For Q4, management has guided that Teva will generate around $1.25 in EPS. Annualized this is $5.00 per share. There was $0.03 of dilution to EPS from the ratiopharm deal in Q3, which is expected to turn accretive in 2011 already. So earnings of $5.12 seems in the bag. Makes sense to me that the Street is forecasting $5.25 to $5.50 in EPS for 2011. Organic growth has been running around 10% per year, and in all likelihood continues into 2011.
Given the stock is at $54, its trading at around 10x this years earnings. That is quite cheap. In fact, historically this stock has NEVER traded below a market multiple. Market is at 14x 2011 earnings. Sure, its growth is now slowing given that its doubled in size since 2006, but there is plenty of growth left. Think aging demographics, the trend toward generic drugs as patents expire, and growth in the emerging market world. The upside in the stock I estimate at $80 per share, which probably seems ridiculous given that every analyst on the Street only thinks its worth $65 bucks. But consider this: its growing at one of the fastest rates of any drug company, and, among big-cap pharma, Glaxo and Novartis trade at 13.5 and 16.5x. Sure, Lilly trades at 8x. But 5 out of its 6 biggest drugs are ROLLING OFF PATENT in the next 3-4 years. (typically revenue falls 80% after a drug rolls off patent). I have no clue what management plans to do there.

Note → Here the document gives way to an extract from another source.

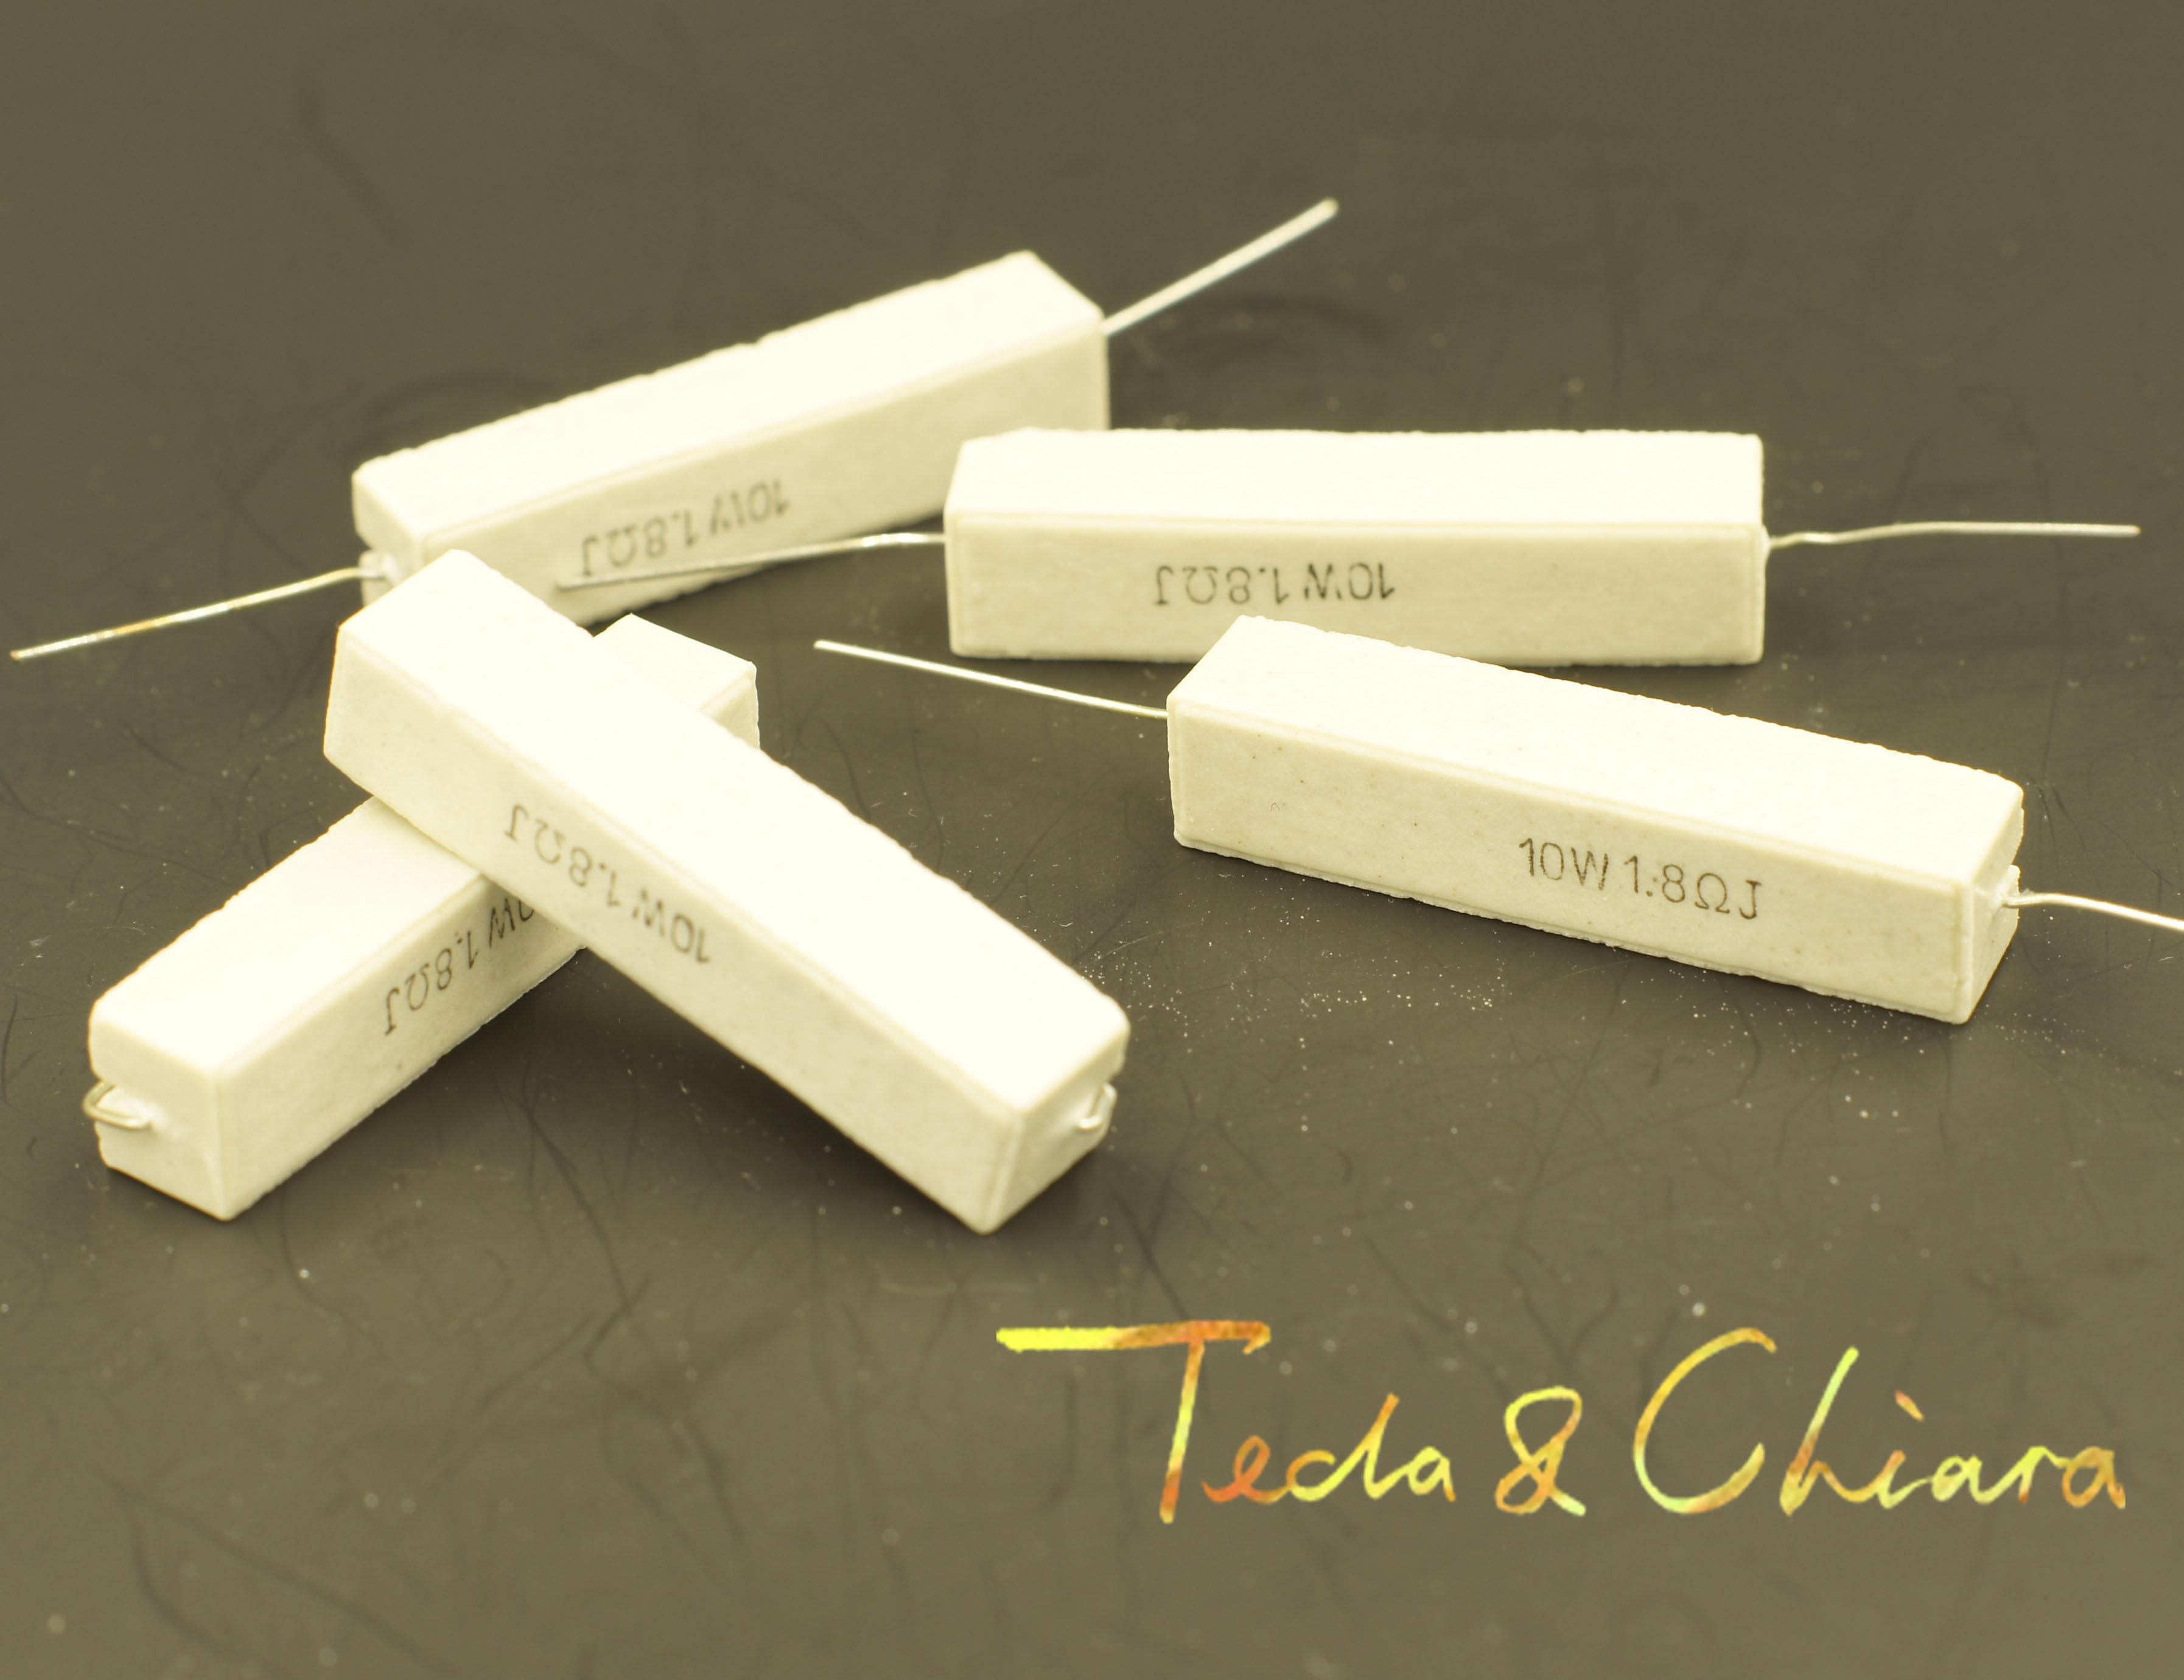 10Pcs 10W 15R 18R 20R 22R 15ohm 18ohm 20ohm 22ohm 15 18 20 22 5% Cement Ceramic Power Horizontal Resistor Resistance R Ohm

Furthermore, I note that this stock didn't pop up as cheap on my screen. That is, GAAP reported trailing twelve month EPS is $3.24. That looks like TEVA is trading around 17x TTM earnings. I am betting a lot of holders see this and pass on the stock without doing the work. But the reality is, they charged $379mm from a lawsuit in Q4 2009, clearly it is a one-time item. When this rolls off come Q4 earnings, TTM EPS will look more like $4.70 a share. That is 11.4x. Ah now it looks cheap.
So, the downside case has to also be considered. I think the risk here is that Copaxone dies a quick death, instead of a slow gradual decline after 2014 when it loses patent protection. If EPS from Copaxone alone is $1.15, then losing half of that would mean the company is reporting EPS of $4.50 to $4.95 in 2011. That would be a huge miss, and hurt the stock. You would see a $45 stock in my opinion. Probably a great buying opportunity though.
But to reiterate the upside, this stock has traded between 10x and 45x earnings (!) over the past decade. Yes, at one point everyone was chasing generics as the next hot thing. That was 2006. Given healthcare reform here, which could pressure pricing, I think looking out 3 years, and using a conservative 12.5x multiple on $7 in EPS equates to an $88 stock. That's a 3-4 year return of 60%, or around 15-20% per year.
There could be short term downside of up to 18%, but the long term upside is strong. We'll see what happens with Copaxone. I think the markets uncertainty will clear up a little this year, and we'll see it trade better. Either way, this company generates solid 14% ROEs, and also has a low 20% debt to cap. For a blue chip, non-cyclical growth stock, a 10% FCF yield is too good to pass up.